Chickadee mating zone, spring flooding and a climate change app: this week in environmental news

By Alyssa Kobylarek, MNA intern

Every Friday, MNA gathers news stories relating to the environment and conservation from around the state and country. Here is some of what happened this week in environmental news.

California officials prepare for worst as historic drought deepens wildfire risk (The Guardian): According to figures compiled by California’s department of forestry and fire protection, the state has had 665 wildfires since January 1, which is about three times the average for this time of the year. Disaster funds are being set aside for “mega-fires” across the western states.

Emergency officials brace for floods from snow, warmth (Great Lakes Echo): Chances of Michigan communities reaching flood level this time of year are as high as 90 percent. County officials are making sure they have enough sandbags to block flooding and that they are prepared to shelter people if they need to evacuate their homes. The chance of flooding depends on a balance of time, temperature and rainfall.

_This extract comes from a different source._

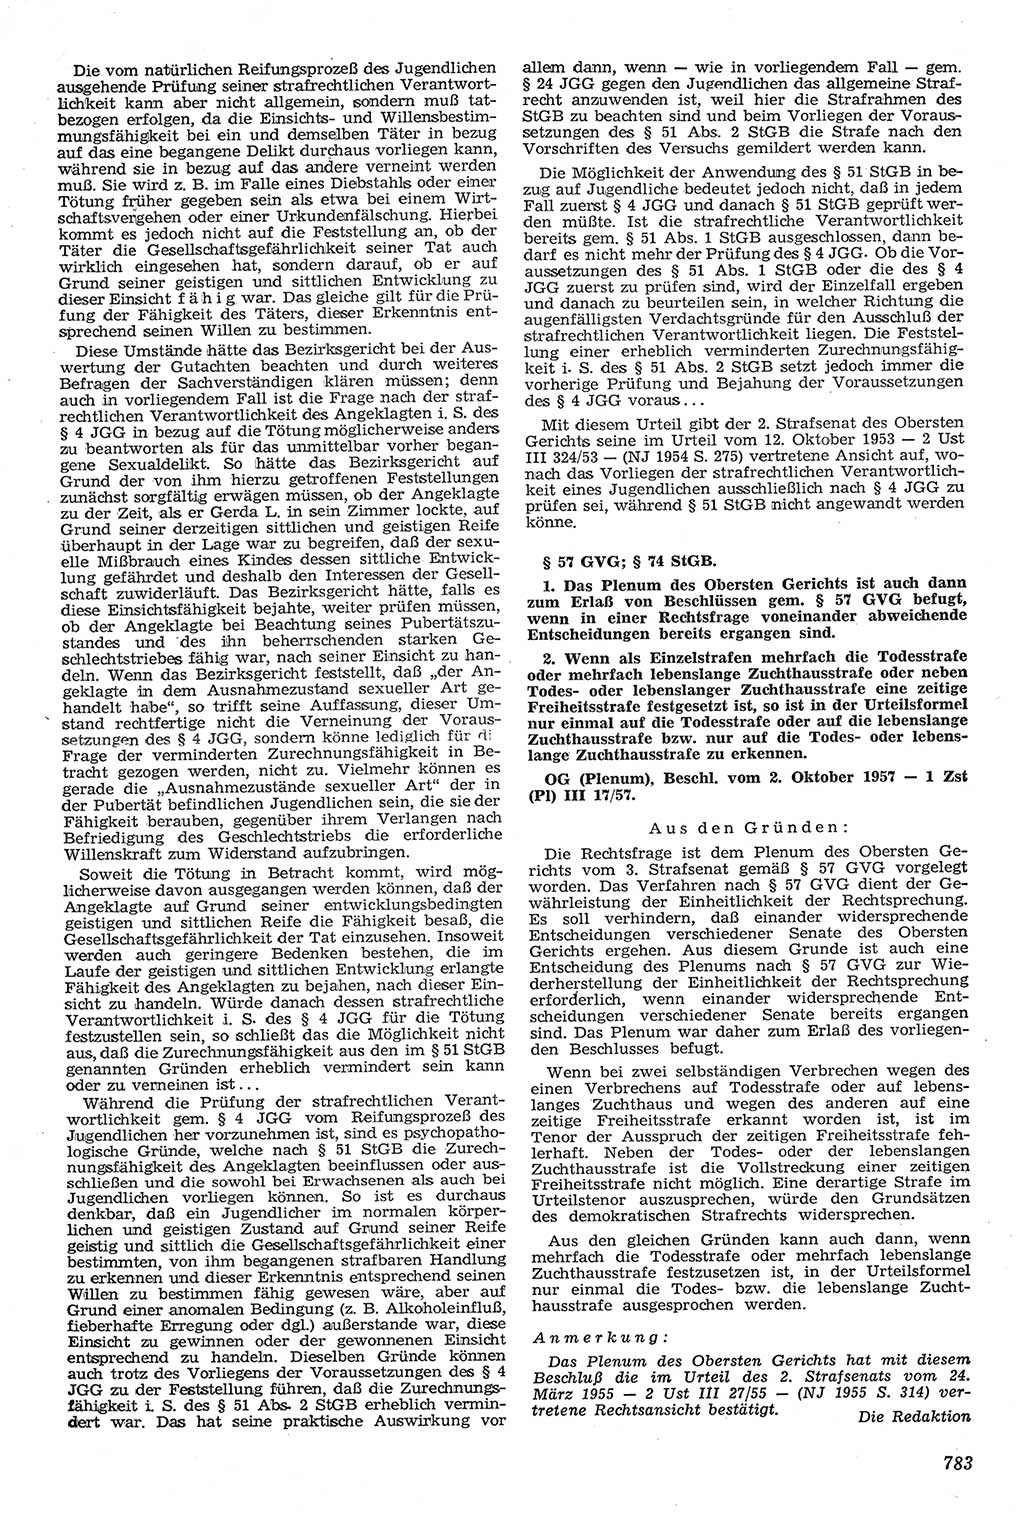 Neue Justiz (NJ), Zeitschrift für Recht und Rechtswissenschaft [Deutsche Demokratische Republik (DDR)], 11. Jahrgang 1957, Seite 783 (NJ DDR 1957, S. 783)

Two closely related species of chickadees meet, mate and give birth to hybrids. Photo courtesy of Wikimedia Commons

Two closely related species of chickadees meet, mate and give birth to hybrids. Photo courtesy of Wikimedia Commons

A Chickadee Mating Zone Surges North (The New York Times): There is a narrow strip of territory from Kansas to New Jersey where two related species of chickadees meet and mate to form hybrid birds. Scientists are reporting that this zone is moving north at a rate that correlates with the warming trend.

White House Launches Website App to Visualize Climate Change (National Geographic): The White House unveiled a new website- based app to help explain the science behind climate change. It will help give communities the information and tools to plan for current and future impacts. The first batch of climate data released will focus on coastal flooding and sea-level rise.

New permits allow fish net pens (Great Lakes Echo): A proposal has been launched to allow nonprofit groups to place net pens in Lake Michigan, Lake Superior and their tributaries to increase the population of fish for recreational anglers. As of now, Michigan and New York are the only two states that allow these pens. Prior to the permits, the law did not allow fish farms and the pens would be considered illegal if fish were kept longer than two days.